At a glance
ClinicalIndex Comparison RecordStandardized by ClinicalIndex from the ClinicalTrials.gov record · verify against the source.
Optimization of Treatment With Adalimumab (HUMIRA): A Multi-center, Randomized, Single Blind, Controlled Clinical Trial
In Brief
An observational study evaluating DAS28-IOMS, 0SJ-IOMS, and 1 other intervention for Rheumatoid Arthritis (RA). Completed, enrolled 309 participants across 1 site.
Detailed Summary
The purpose of this trial is to assess the effect of two Intensive Outpatient Management Strategies (IOMS) versus Routine Care (RC) on the outcomes of patients with Rheumatoid Arthritis (RA) that are treated with adalimumab. This is a multi-center, randomized, controlled, parallel group, single (patient) blind trial. A total of 300 patients (100 per group) with RA will be recruited from approximately 40 sites across Canada.
Study Details
Timeline
Interventions
Investigators randomized to DAS28-IOMS will be expected to adapt their therapeutic approaches in relation to the defined targets, i.e. to optimize adalimumab treatment according to individual patient's responses to treatment in order to achieve a DAS28 score of \< 2.4.

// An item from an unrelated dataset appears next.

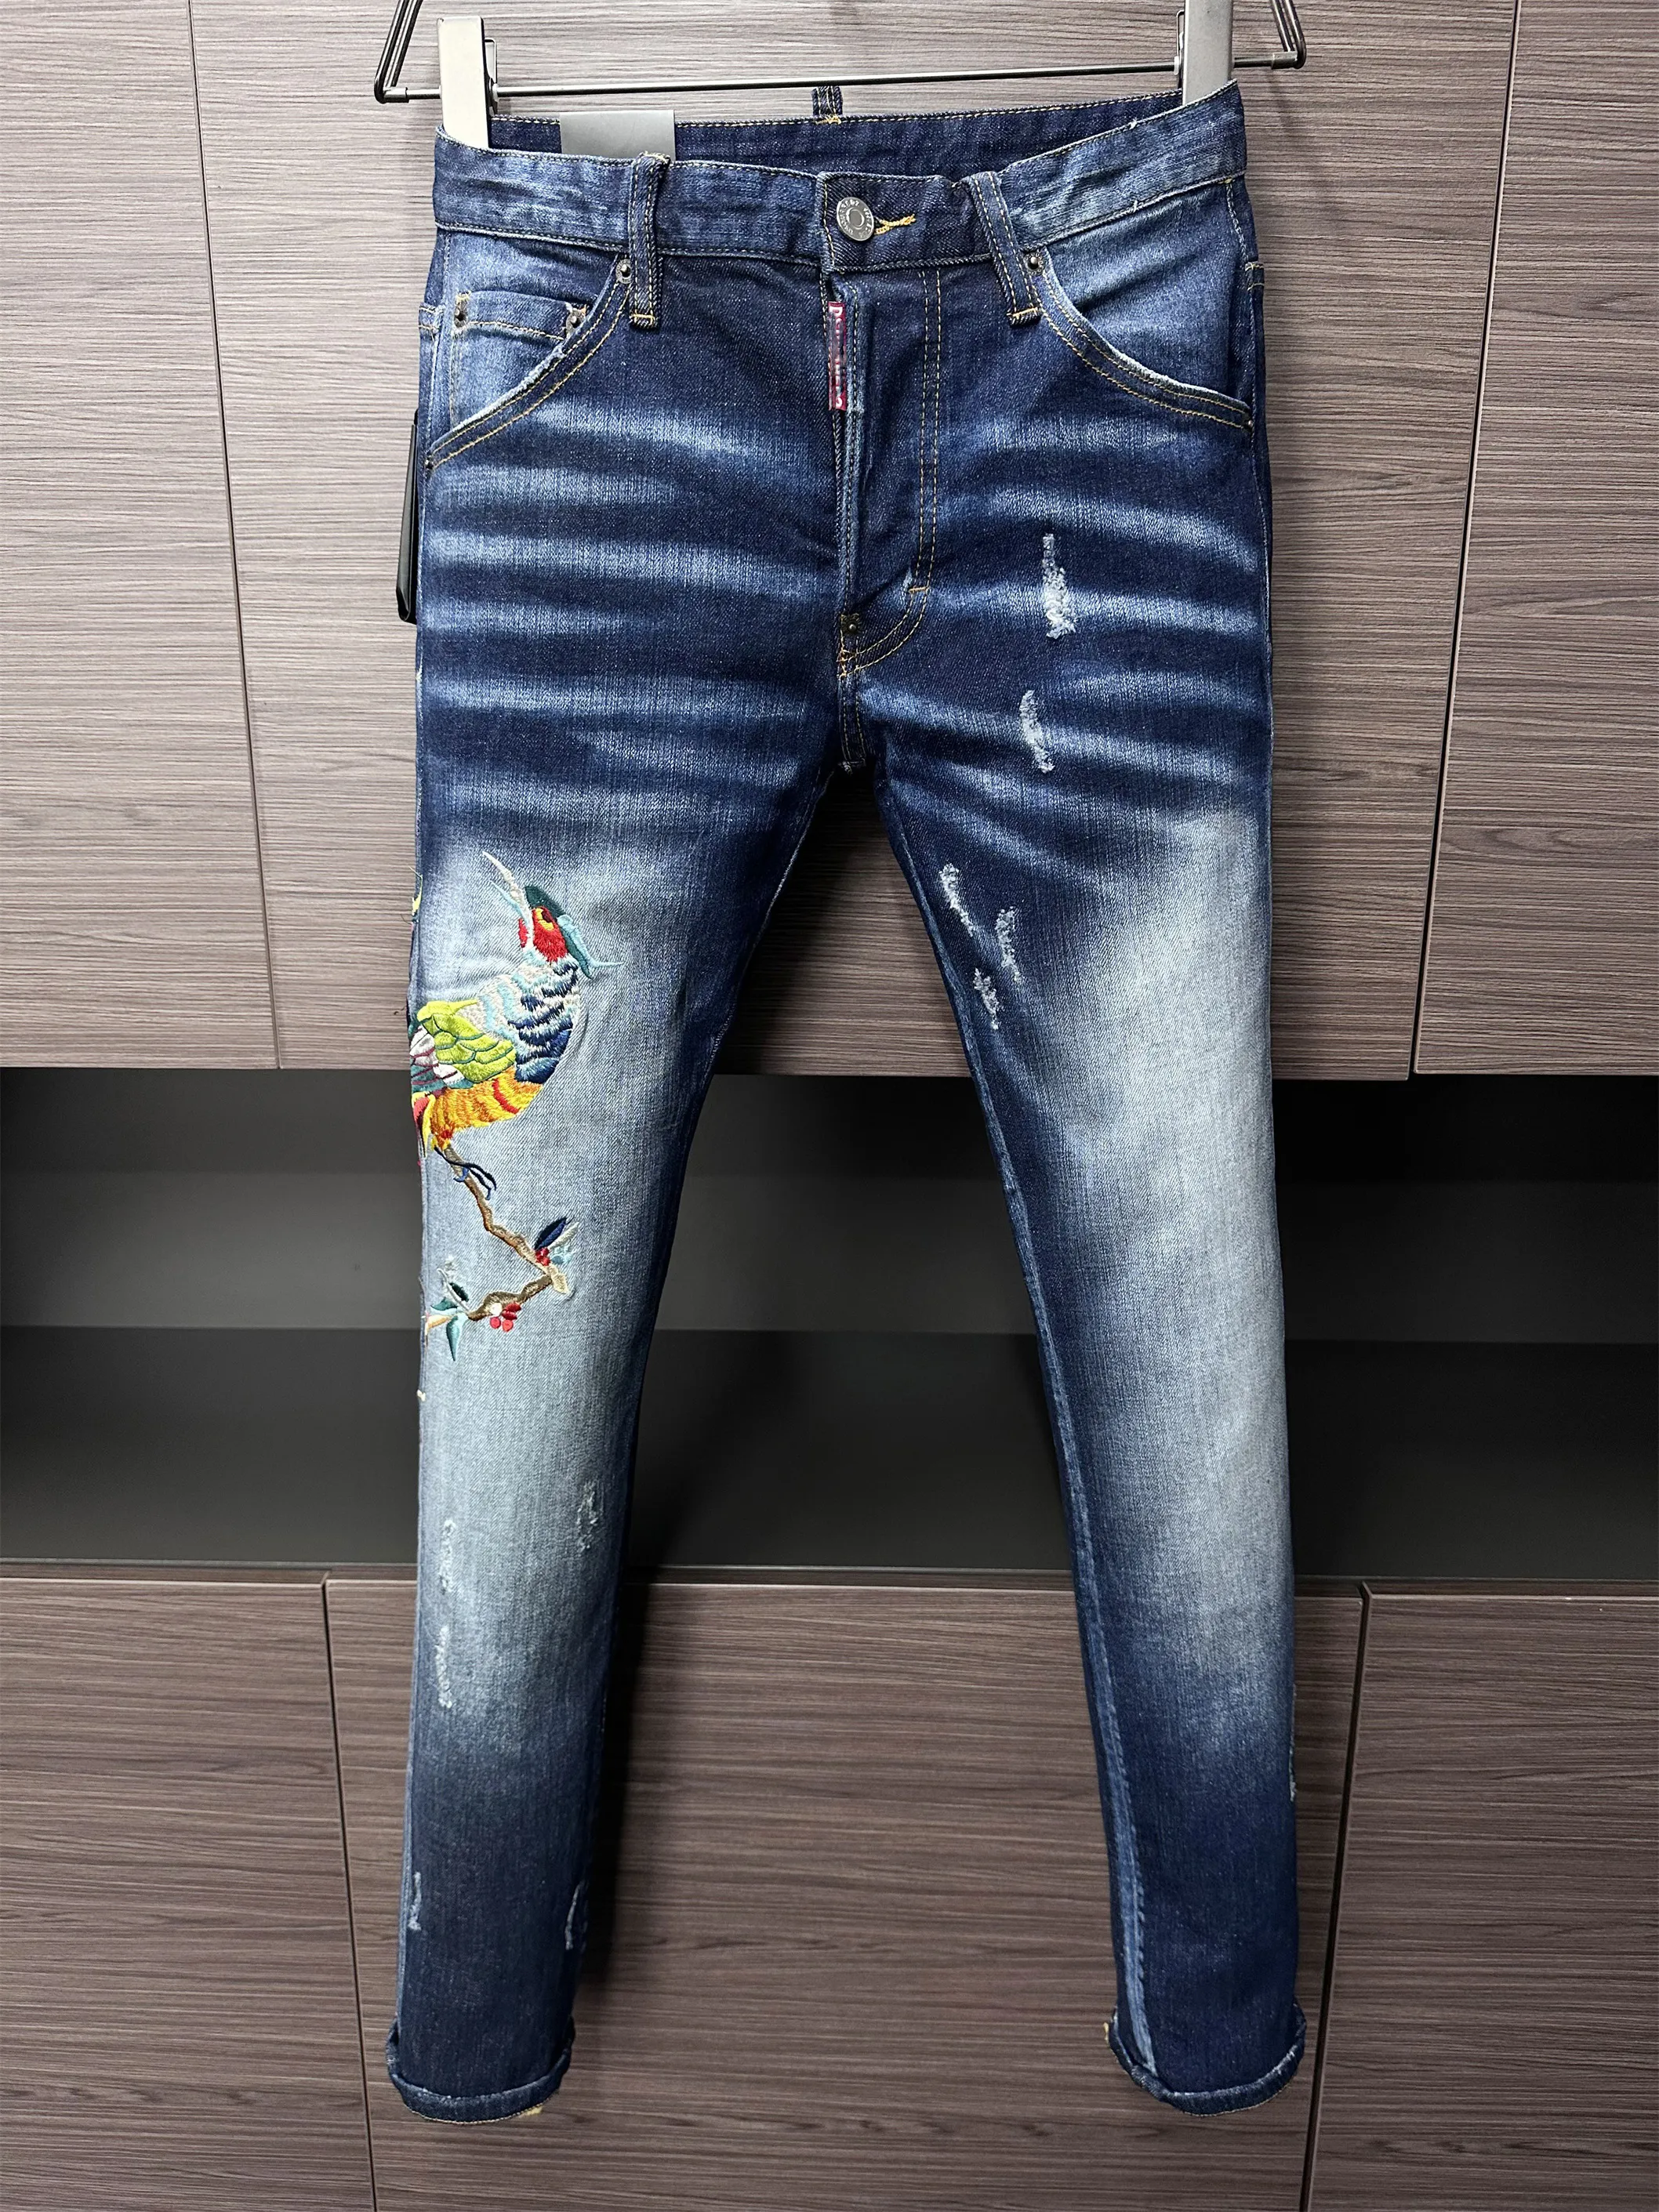 Designer Classic Men's Jeans Knight Boy Jeans Style Slim Stretch Stone Wash Process gescheurd jeans Aziatische maat 28-38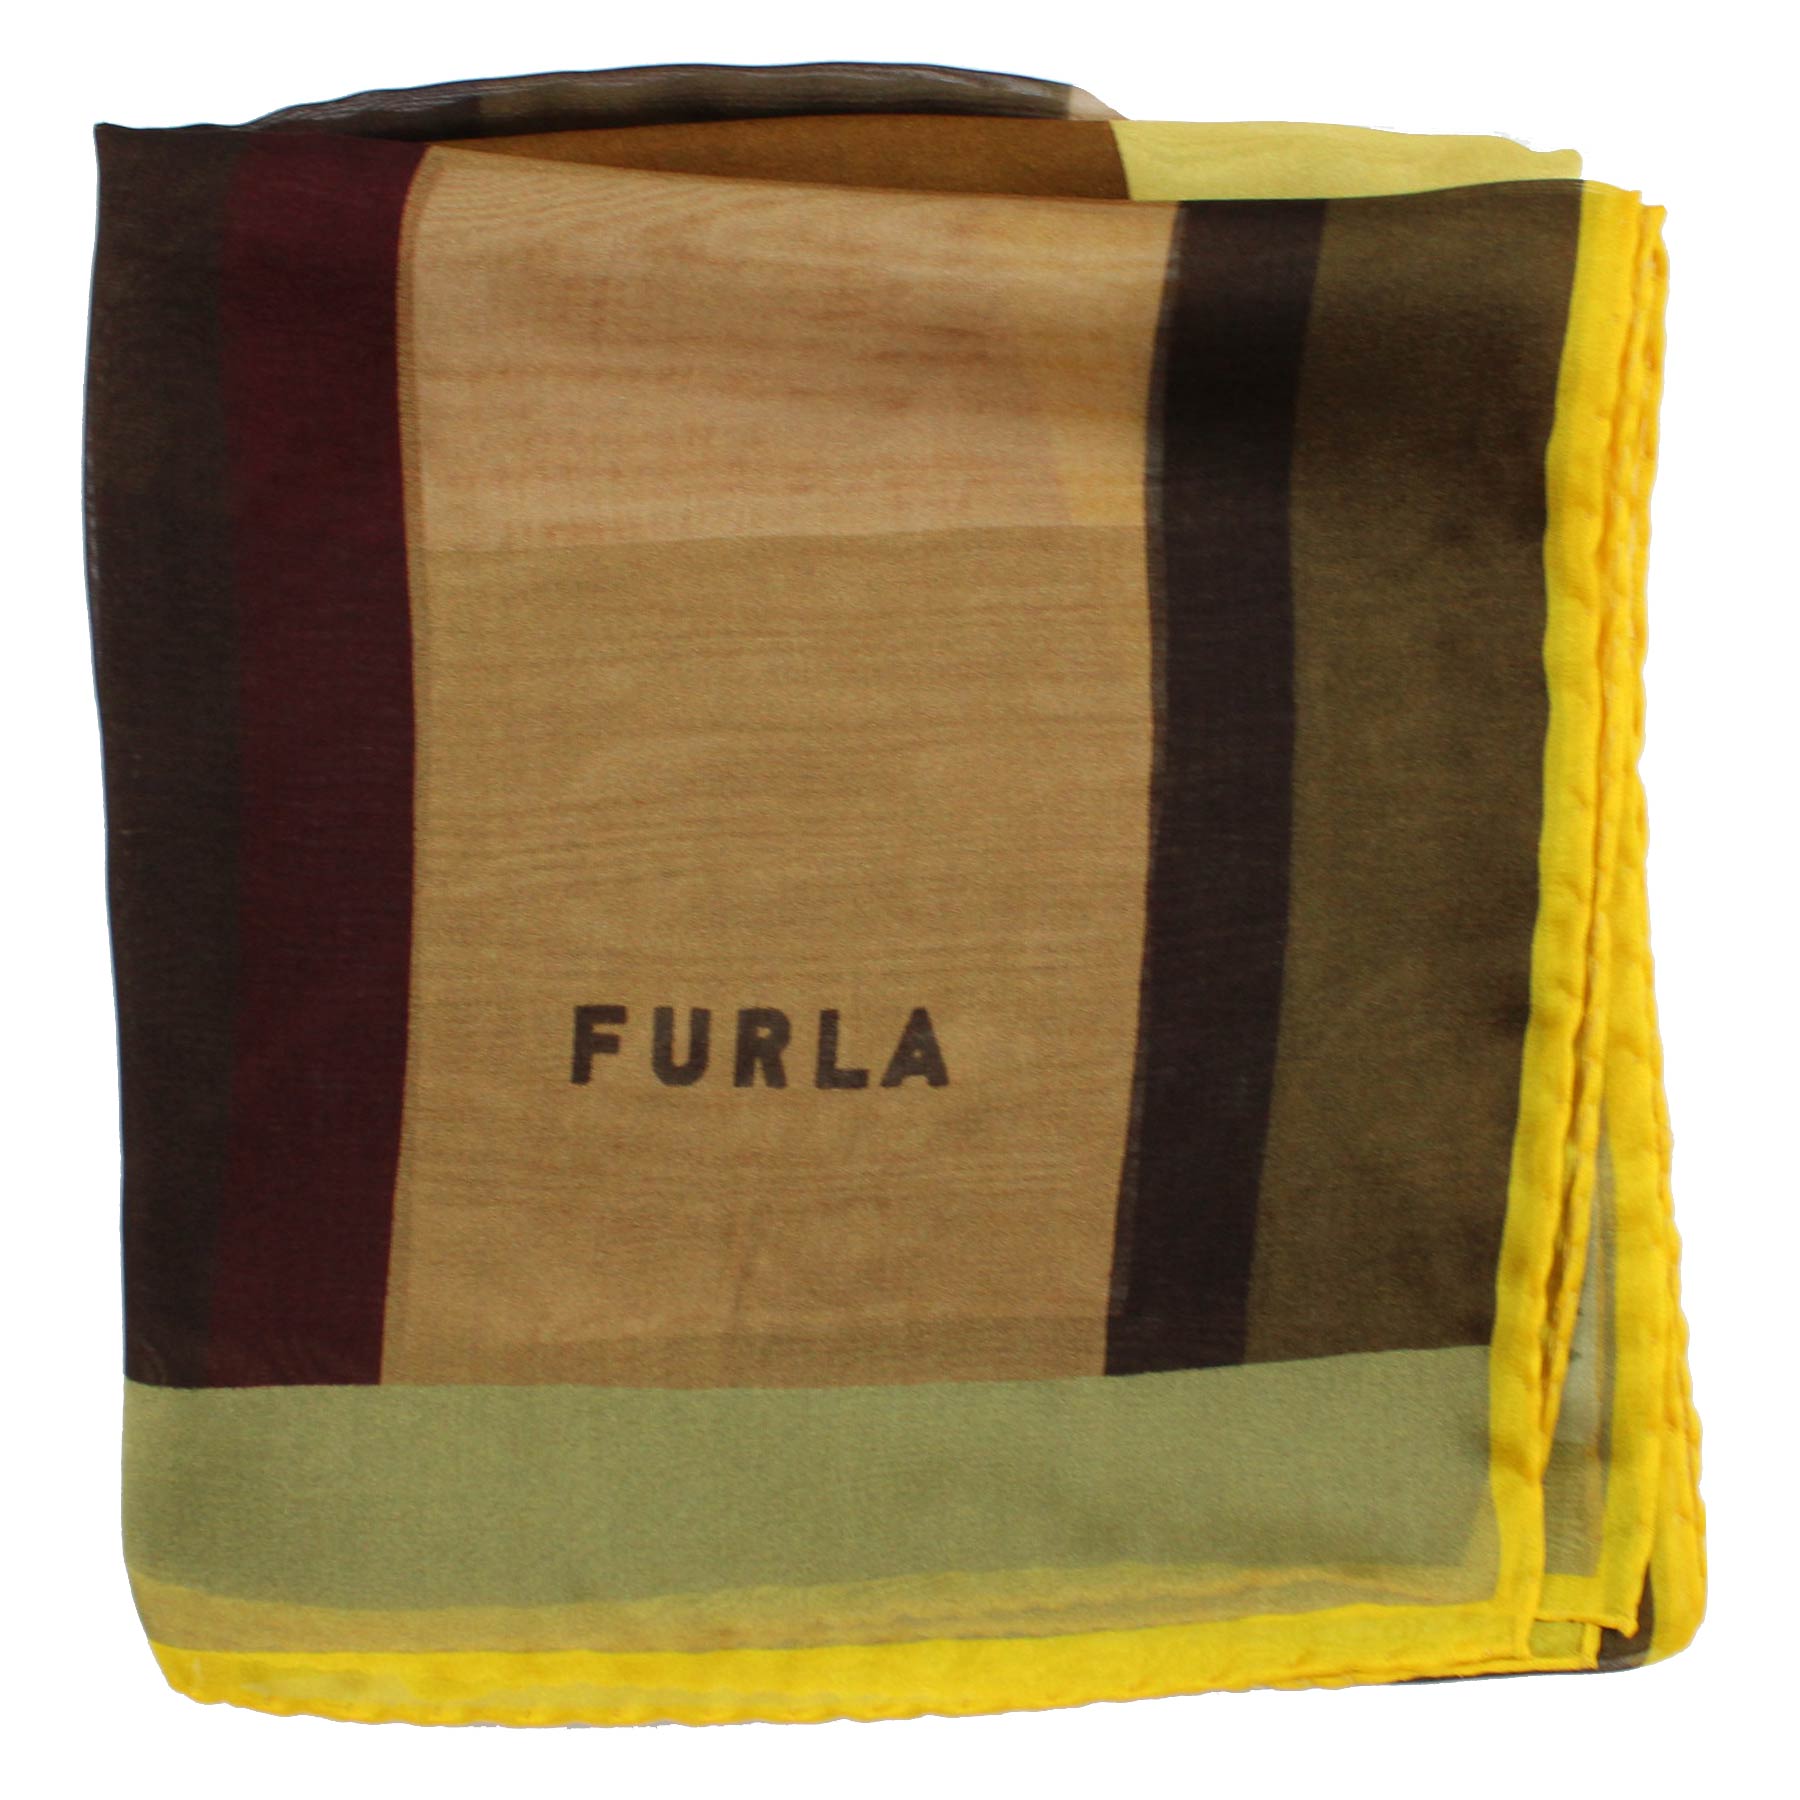 Furla Scarf Brown Green Oversized Logo Design - Extra Large 47" Square Chiffon Silk Shawl SALE

Investigators randomized to 0SJ-IOMS will be expected to adapt their therapeutic approaches in relation to the defined targets, i.e. to optimize adalimumab treatment according to individual patient's responses to treatment in order to achieve a swollen joint count of 0.
Investigators randomized to RC will NOT be expected to adapt their therapeutic approaches to a pre-defined target. They will optimize adalimumab treatment according to individual patient's responses to treatment as per routine care and according to their own judgment.